I think this is a positive step - people underestimate the emotional impact it has on dads not being able to be around in the early weeks and months. However it is a very subjective issue. For example, I don't think my DH would have enjoyed being at home as much as I did. He isn't very patient so I think he would have found elements of an extended paternal leave to be frustrating and rather boring. He had two weeks and I think he was quite glad to return to work even after that short time. For those families where the dynamics are different then it could work very well, particularly if the mum is the higher earner f the two.

OrdinarySnowflake · 09/12/2018 11:34

Paid at SMP? Then no, because while we could cope without my wage, DH's paid the bills.

If at full pay then definitely.

The problem with this fails to factor in that woman are usually the lower paid in a relationship. There are complex reasons for that, so on a family by family level, it often would be better if the mother takes the time off, not the father.

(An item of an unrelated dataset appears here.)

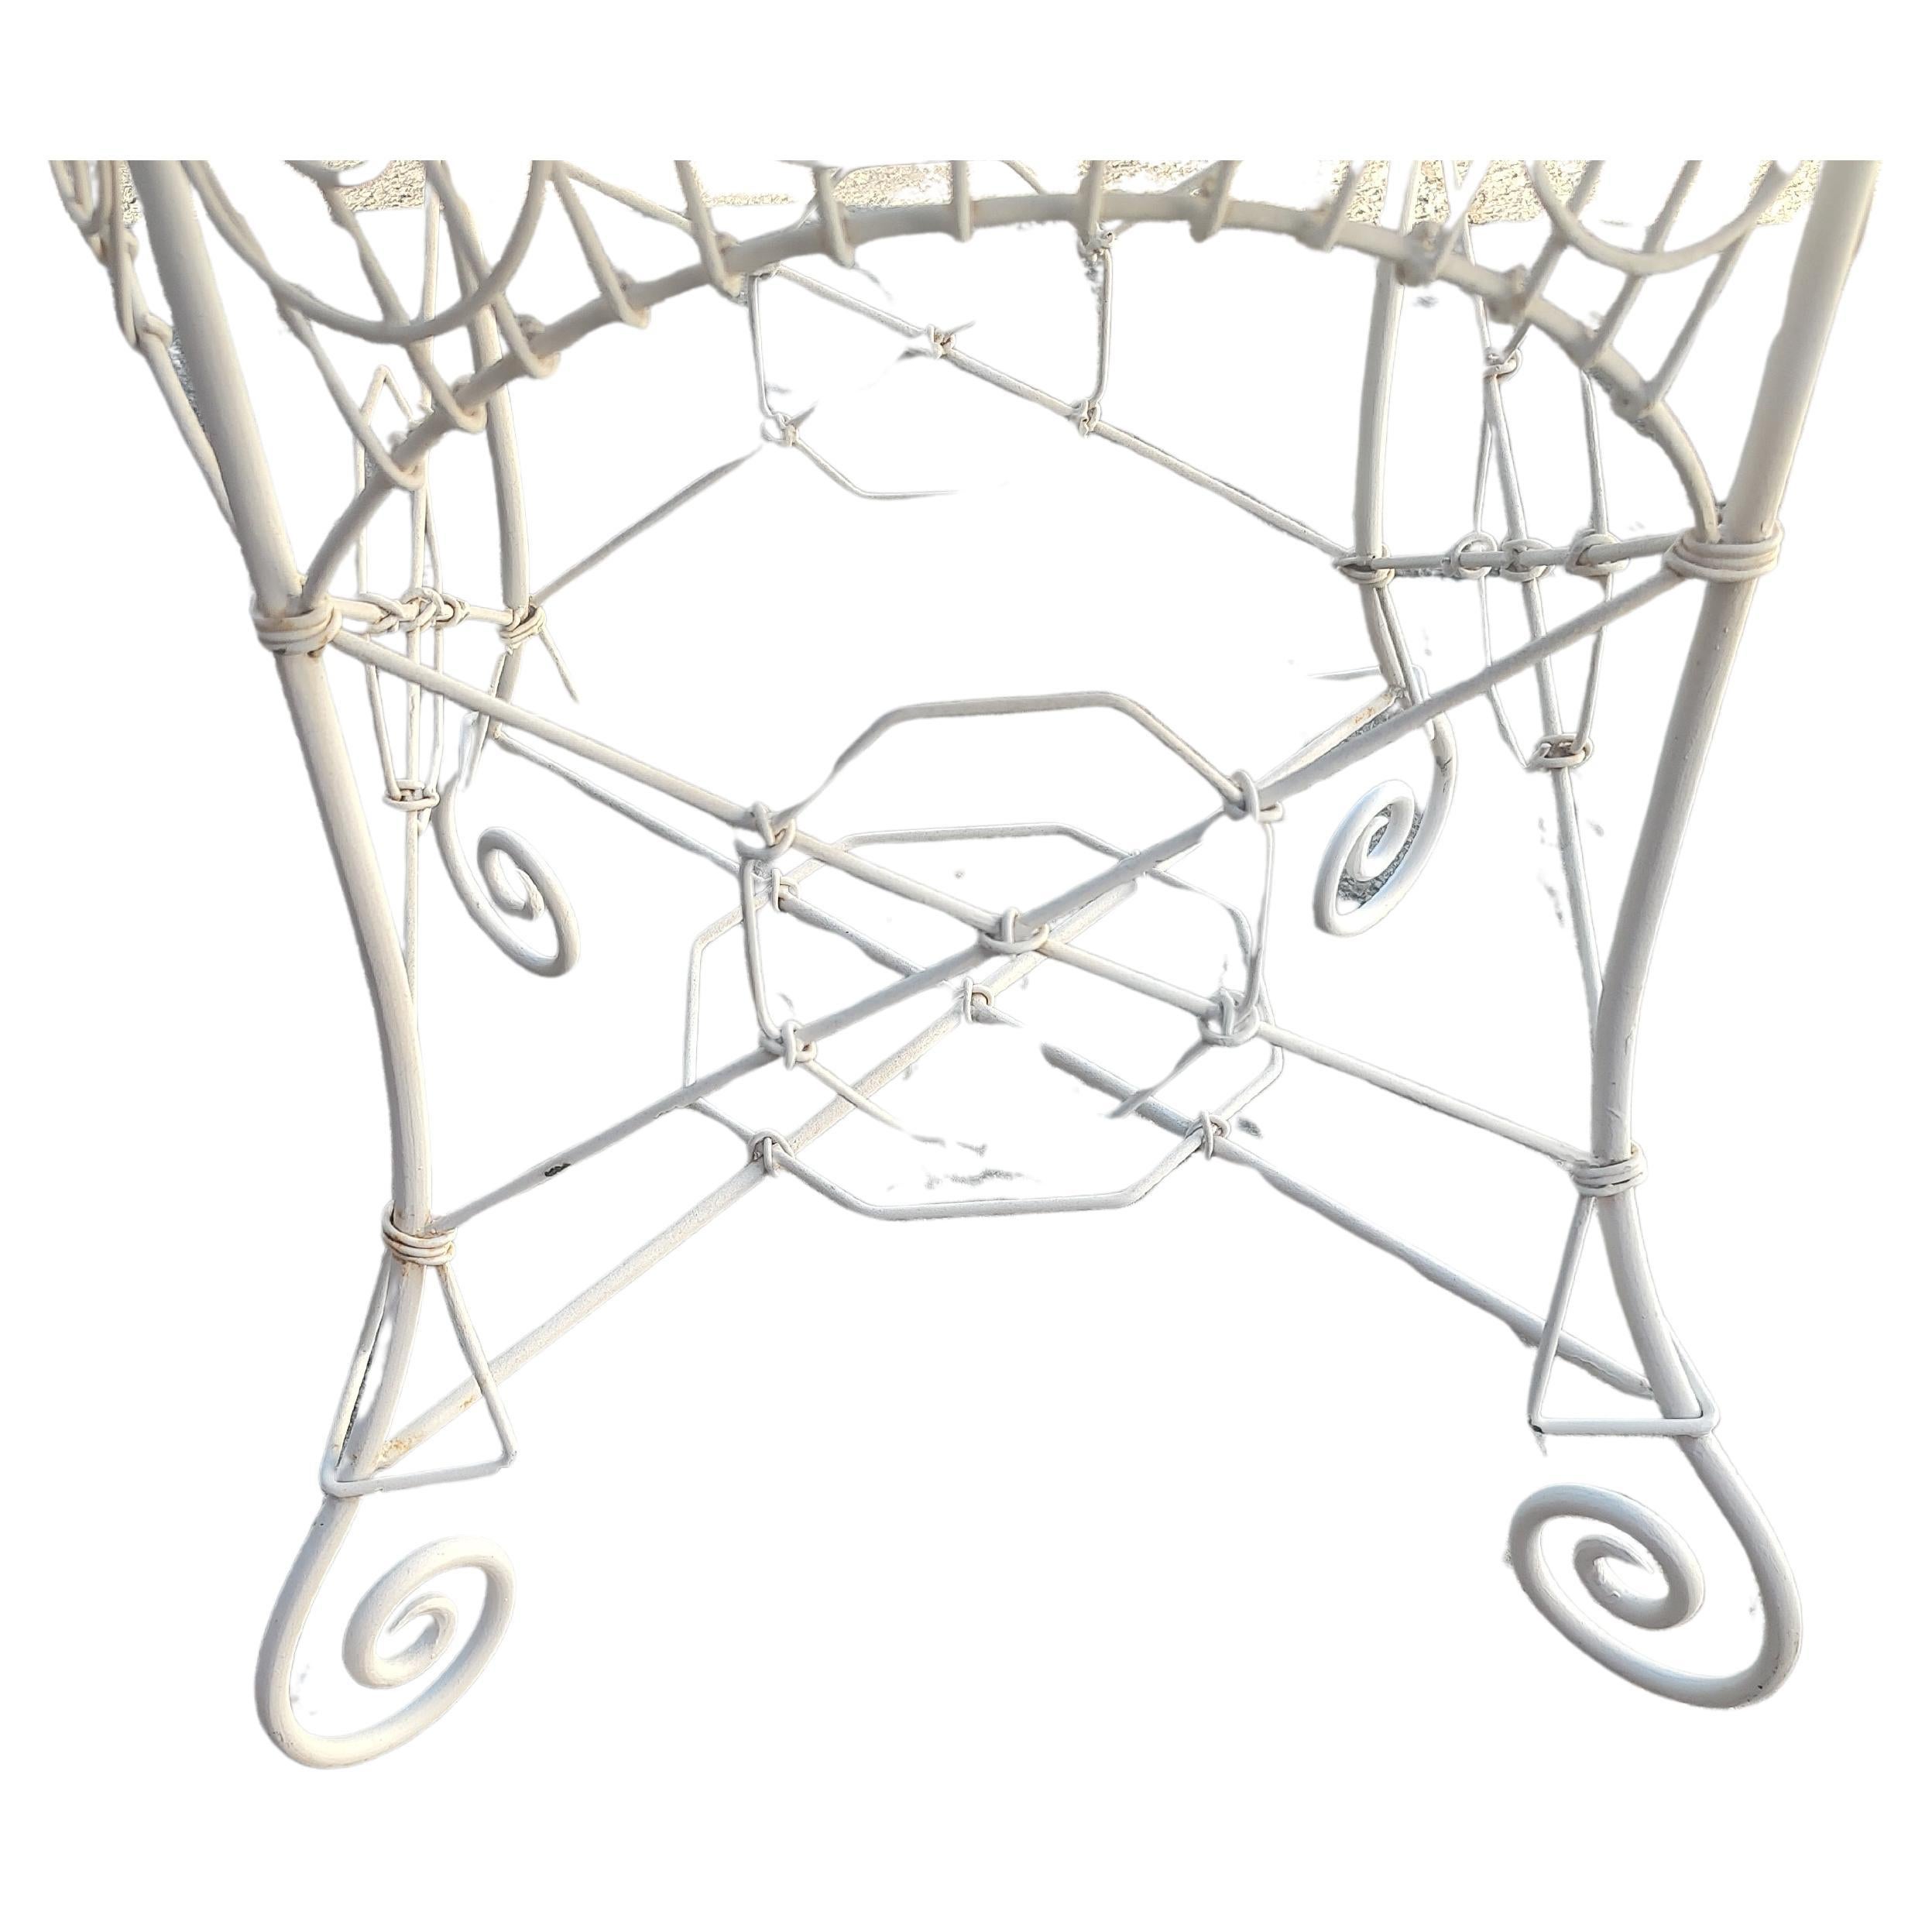 Fantastic iron wire garden & patio dining table with a half inch thick glass top. With the glass top table is 36 diameter by 30 high. Fantastic iron wire design with a rolled edge and fancy scroll work. Evoking the Victorian era with a touch of the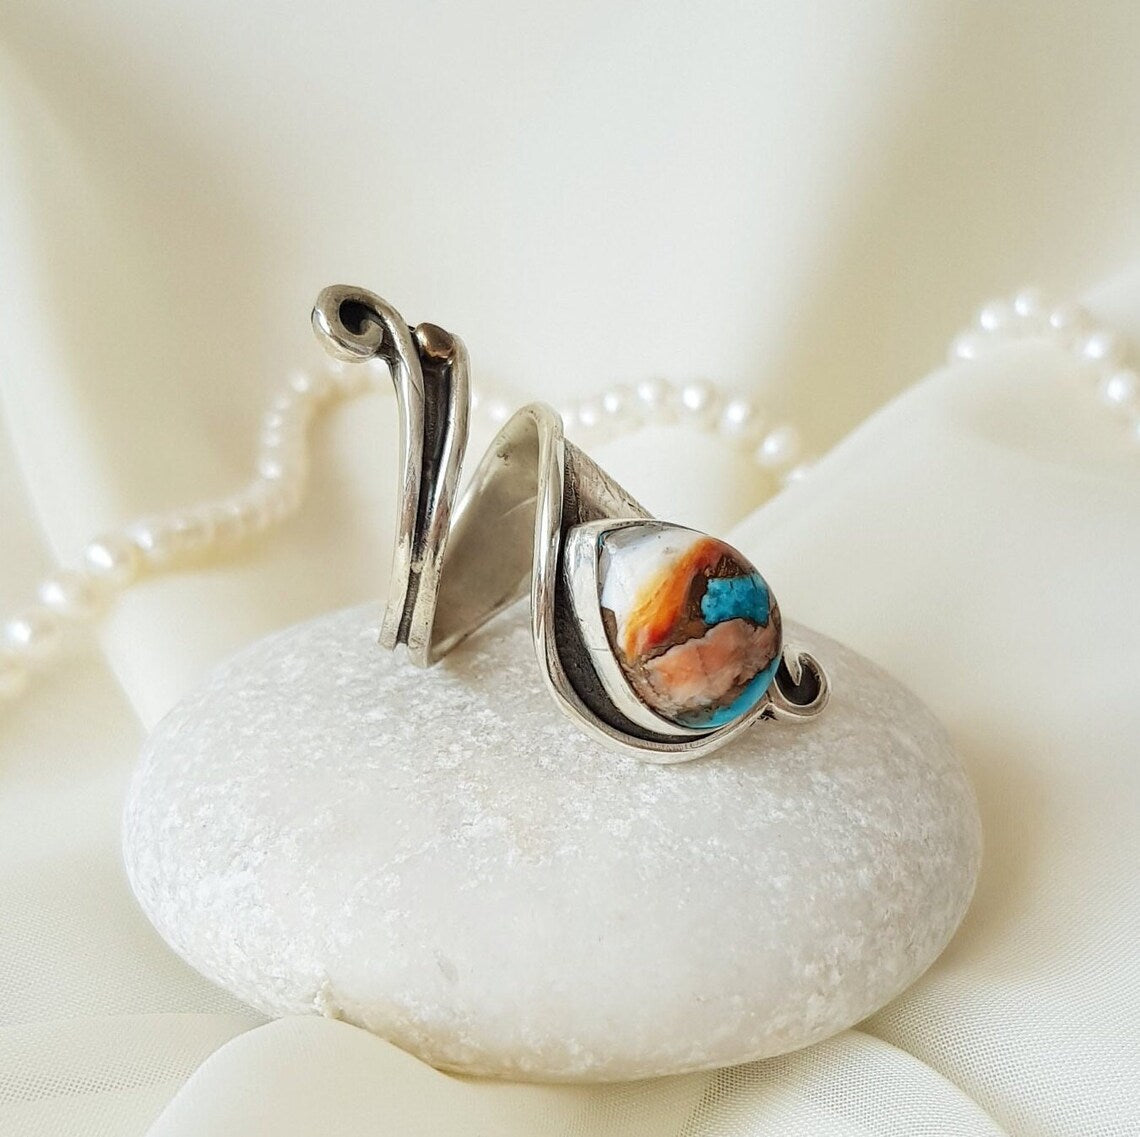 Vintage Teardrop Spiny Oyster Turquoise Wrap Rings - 925 Sterling Navajo Argent

(I'm sure lots of people will respond that they earn more than their DP, but across the nation, it's not the case.)

NotCitrus · 09/12/2018 11:39

It's a good step forward. Is there scope for taking the leave a couple days a week, working part time?
I had 9 months on 90% pay, and needed almost all of it to recover from birth. I then had 2 months unpaid before returning part time - it would have been great if DP could have had paid leave then. It would also have been better for him and his team and me if his paternity leave was simply an extra 10 annual leave days rather than having to be taken as a two-week block.

cucumbergin · 09/12/2018 11:52

@OrdinarySnowflake - but it isn't paid at SMP, and what Aviva found is that with their equal leave policy, that allows men working at Aviva to take up to 12 months leave without affecting the mother's leave, and gives them 6 months FULL PAY, then the majority of new dads will take it up when the financial barriers are removed.

www.aviva.com/newsroom/news-releases/2018/11/avivas-paid-parental-leave-shows-men-are-eager-to-share-childcare-duties/

New fathers at Aviva UK have taken an average of 21 weeks’ paternity leave since the policy was introduced, compared to two weeks in the previous year
67% of Aviva UK new dads opted to take six months2 off work to care for their new arrivals
95% of Aviva UK new dads took more than two weeks, the entitlement typically offered through statutory paid paternity leave

SnowdropFox · 09/12/2018 13:12

We would have loved this! Dd is 4 months old and adores her dad but always settles best with me and looks for me. DH works shifts and does everything he can do bond with her. 6 months together would make a huge difference especially with that bonding and helping at night's. The lack of sleep is a challenge so with him being available to help it would help with my sanity and possibly keep pnd at bay!